Irvin led the team in scoring as a sophomore and junior. [Upchurch]
Irvin showed more growth as a junior, even as a shooting slump defined the first half of his season. He filled out his broad-shouldered frame, becoming a better defender and rebounder—no small development for a two/three still masquerading as a four. After LeVert broke his foot in the conference opener, Irvin took on more possessions as a high screen ballhandler. He dished out 59 assists in Michigan's 18 Big Ten games; he'd recorded 62 in his first two seasons.
While Kam Chatman's three-pointer to beat Indiana and earn an at-large bid became the most memorable play from that season, Irvin's own winning shot in the previous game proved more foretelling:
Over the next year, Irvin would develop that midrange pull-up from the shot Michigan fans most hated to see to one of the team's most reliable late-clock shots.
With the emergence of Moe Wagner and DJ Wilson, Irvin was afforded the luxury of playing on the wing for much of his senior year. For the first half of the season, he was the team's most productive and reliable scorer. He'd taken the lead.
Then Michigan started struggling, as did Irvin. The Wolverines started 4-6 in the Big Ten, and while many of their problems stemmed from awful defense by the other players, Irvin's outside shot abandoning him again didn't help. For Michigan to turn their season around, their senior captain and leading scorer would have to take a secondary role. With Irvin mired in his worst slump yet—in four games, he shot 4-for-31 from the field—many fans wanted him benched for Duncan Robinson. John Beilein knew better. Irvin was still the team's most important defensive player, capable of switching onto anyone on the court and holding his own. He'd made too many shots to not pull out of this nosedive.
Irvin developed into a steadying presence as a senior. [Campredon]

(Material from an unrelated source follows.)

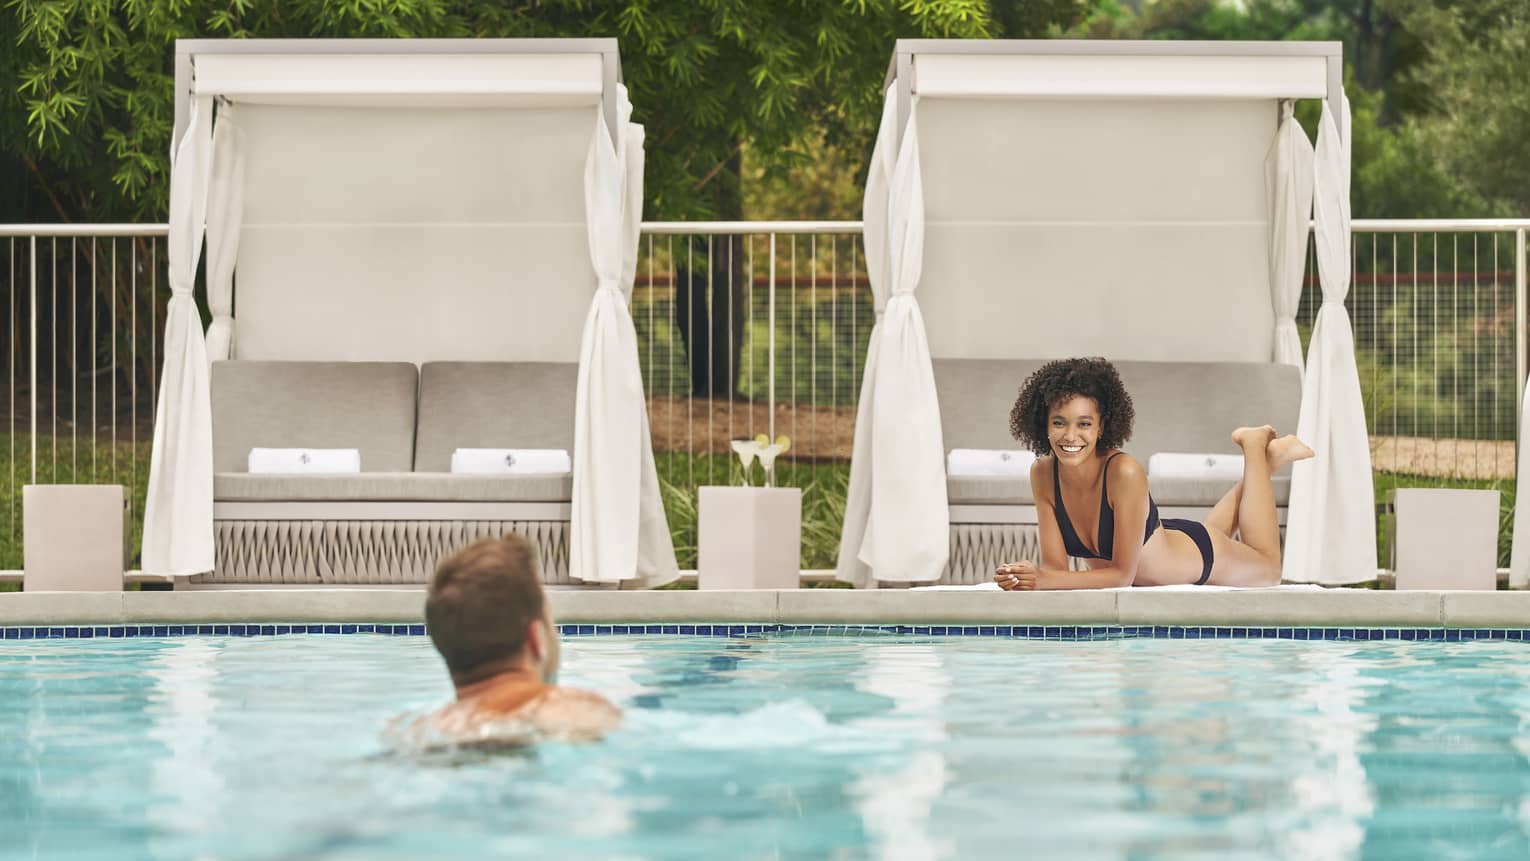 A man swimming in a pool outside with a woman resting under a cabana near the pool.

To his considerable credit, Irvin took a back seat to Derrick Walton and the Wagner/Wilson frontcourt, using fewer possessions than ever before. He eliminated the dreaded "heroball" shots from his arsenal. (Mostly, at least. Shooter's gonna shoot.) In doing so, he completed his transformation from gunner to glue guy. As Michigan surged down the stretch, Irvin rarely came off the court. He did a bit of everything: defending, rebounding, deferring, whatever the team needed at that particular moment. Scoring, too. His shot returned.
Over the final nine games of his career, Irvin averaged 14.7 points, 5.0 rebounds, and 2.5 assists in 37.4 minutes. He shot 65% on two-pointers, many of them his pet midrange pull-up, and 43% on three-pointers. Michigan went 7-2; both losses came down to the final possession. After Irvin's layup forced overtime in a Big Ten Tournament win over Purdue, Walton allowed MLive's Brendan Quinn to publish his impassioned off-the-record defense of his classmate and co-captain:
"All the (expletive) that people give Zak ... I hate it. I hate it so much. It's like, man, what else you want from the dude? What else do you want? He's played off back surgery. He's got, like, 1,500 career points. He's made a one-eighty as a player. I remember the days when Zak would shoot a contested 3 over two people rather than pass. He's a whole new guy. I mean, dude, are you kidding me? Get off my guy's back."
Irvin was a rock through Michigan's tourney run, nailing four triples in the shootout against Oklahoma State, making three of four second-half shots against Louisville, and pouring in 19 points while limiting Oregon star Dillon Brooks to 12. The team's run ended while he played the best ball of his career.
Walton will be remembered as the only guy the team wanted to take the season's final shot; Irvin should be remembered for finding the will to let that role go while transforming into an effective all-around player.
That, too, seemed like a minor miracle.